Implementation:Iterative Dvc Repo Datasets
Domains
Dataset_Management, Data_Versioning
Overview
Concrete tool for managing versioned dataset definitions, locks, and types in DVC projects. The module dvc/repo/datasets.py provides the Datasets class, which implements the Mapping protocol for named datasets, along with three dataset type families: DVC (repo-based), Datachain (catalog-based), and URL.
Description
The Datasets class acts as a read/write mapping over all datasets defined in a DVC project. Each dataset has two components:
- Spec -- the dataset definition as written in
dvc.yaml(name, url, type, and type-specific fields). - Lock -- a frozen version snapshot stored in
dvc.lockthat pins the dataset to a specific revision, version, or file metadata.
Dataset types:
| Type | Spec Class | Lock Class | Dataset Class | Description |
|---|---|---|---|---|
dvc |
DVCDatasetSpec |
DVCDatasetLock |
DVCDataset |
Repository-based dataset. Spec includes path and optional rev. Lock adds rev_lock (resolved commit hash).
|
dc |
DatasetSpec |
DatachainDatasetLock |
DatachainDataset |
Catalog-based dataset from Datachain. Lock adds version (int) and created_at (datetime).
|
url |
DatasetSpec |
URLDatasetLock |
URLDataset |
Direct URL dataset. Lock adds meta (Meta) and optional files (list[FileInfo]).
|
All spec and lock classes use @frozen attrs dataclasses with keyword-only initialization. They inherit from a SerDe mixin that provides to_dict() and from_dict() serialization methods with default filtering and datetime ISO-format handling.
Invalidation logic: When the lock data does not match the current spec (detected by converting the lock back to a spec via to_spec()), the lock is invalidated and set to None, with the _invalidated flag set to True.

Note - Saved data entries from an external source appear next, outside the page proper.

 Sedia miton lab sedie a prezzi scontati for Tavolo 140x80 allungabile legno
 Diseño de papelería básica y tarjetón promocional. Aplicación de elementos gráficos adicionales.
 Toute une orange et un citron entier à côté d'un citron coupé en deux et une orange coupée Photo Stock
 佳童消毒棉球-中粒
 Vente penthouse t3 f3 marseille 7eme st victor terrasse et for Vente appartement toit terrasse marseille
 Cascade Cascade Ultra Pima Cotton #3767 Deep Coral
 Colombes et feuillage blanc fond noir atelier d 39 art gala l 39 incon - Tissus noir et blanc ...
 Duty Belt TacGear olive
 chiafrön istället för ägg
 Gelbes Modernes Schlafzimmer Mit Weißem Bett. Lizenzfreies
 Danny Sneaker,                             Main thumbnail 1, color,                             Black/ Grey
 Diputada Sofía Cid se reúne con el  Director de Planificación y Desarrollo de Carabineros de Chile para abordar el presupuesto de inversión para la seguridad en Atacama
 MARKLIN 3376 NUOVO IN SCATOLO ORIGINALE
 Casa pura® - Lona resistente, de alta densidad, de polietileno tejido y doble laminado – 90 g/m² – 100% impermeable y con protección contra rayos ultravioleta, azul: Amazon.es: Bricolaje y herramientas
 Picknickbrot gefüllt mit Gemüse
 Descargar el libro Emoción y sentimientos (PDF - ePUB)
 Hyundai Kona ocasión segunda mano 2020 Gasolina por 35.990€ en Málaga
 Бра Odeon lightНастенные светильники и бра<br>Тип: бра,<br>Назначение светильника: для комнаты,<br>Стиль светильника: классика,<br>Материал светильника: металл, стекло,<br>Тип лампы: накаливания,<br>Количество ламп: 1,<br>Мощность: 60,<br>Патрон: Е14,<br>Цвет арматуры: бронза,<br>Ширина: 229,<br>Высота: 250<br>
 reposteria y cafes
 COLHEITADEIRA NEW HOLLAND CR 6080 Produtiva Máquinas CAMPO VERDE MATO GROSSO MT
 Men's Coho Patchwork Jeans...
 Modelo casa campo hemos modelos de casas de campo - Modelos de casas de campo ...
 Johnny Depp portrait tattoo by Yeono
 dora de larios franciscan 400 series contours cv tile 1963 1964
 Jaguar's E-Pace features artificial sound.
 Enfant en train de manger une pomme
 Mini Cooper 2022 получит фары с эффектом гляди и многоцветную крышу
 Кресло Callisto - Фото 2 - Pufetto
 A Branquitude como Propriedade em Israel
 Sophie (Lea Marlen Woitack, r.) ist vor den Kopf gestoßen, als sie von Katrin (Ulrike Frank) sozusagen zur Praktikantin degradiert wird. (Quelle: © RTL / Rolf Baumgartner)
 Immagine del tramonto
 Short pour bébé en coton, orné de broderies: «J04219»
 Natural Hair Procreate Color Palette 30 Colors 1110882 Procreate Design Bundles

This signals that dvc repro or dvc status should re-resolve the dataset.
Signature
class Datasets(Mapping[str, Dataset]):
def __init__(self, repo: "Repo") -> None: ...
def __getitem__(self, name: str) -> Dataset: ...
def __iter__(self) -> Iterator[str]: ...
def __len__(self) -> int: ...
def add(
self,
name: str,
url: str,
type: str,
manifest_path: StrPath = "dvc.yaml",
**kwargs: Any,
) -> Dataset: ...
def update(self, name, **kwargs) -> tuple[Dataset, Dataset]: ...
def dump(self, dataset: Dataset, old: Optional[Dataset] = None) -> None: ...
Dataset update methods:
# DVCDataset.update resolves the revision lock via RepoDependency
class DVCDataset:
def update(self, repo, rev: Optional[str] = None, **kwargs) -> "Self": ...
# DatachainDataset.update fetches version info from the catalog
class DatachainDataset:
def update(self, repo, record=None, version=None, **kwargs) -> "Self": ...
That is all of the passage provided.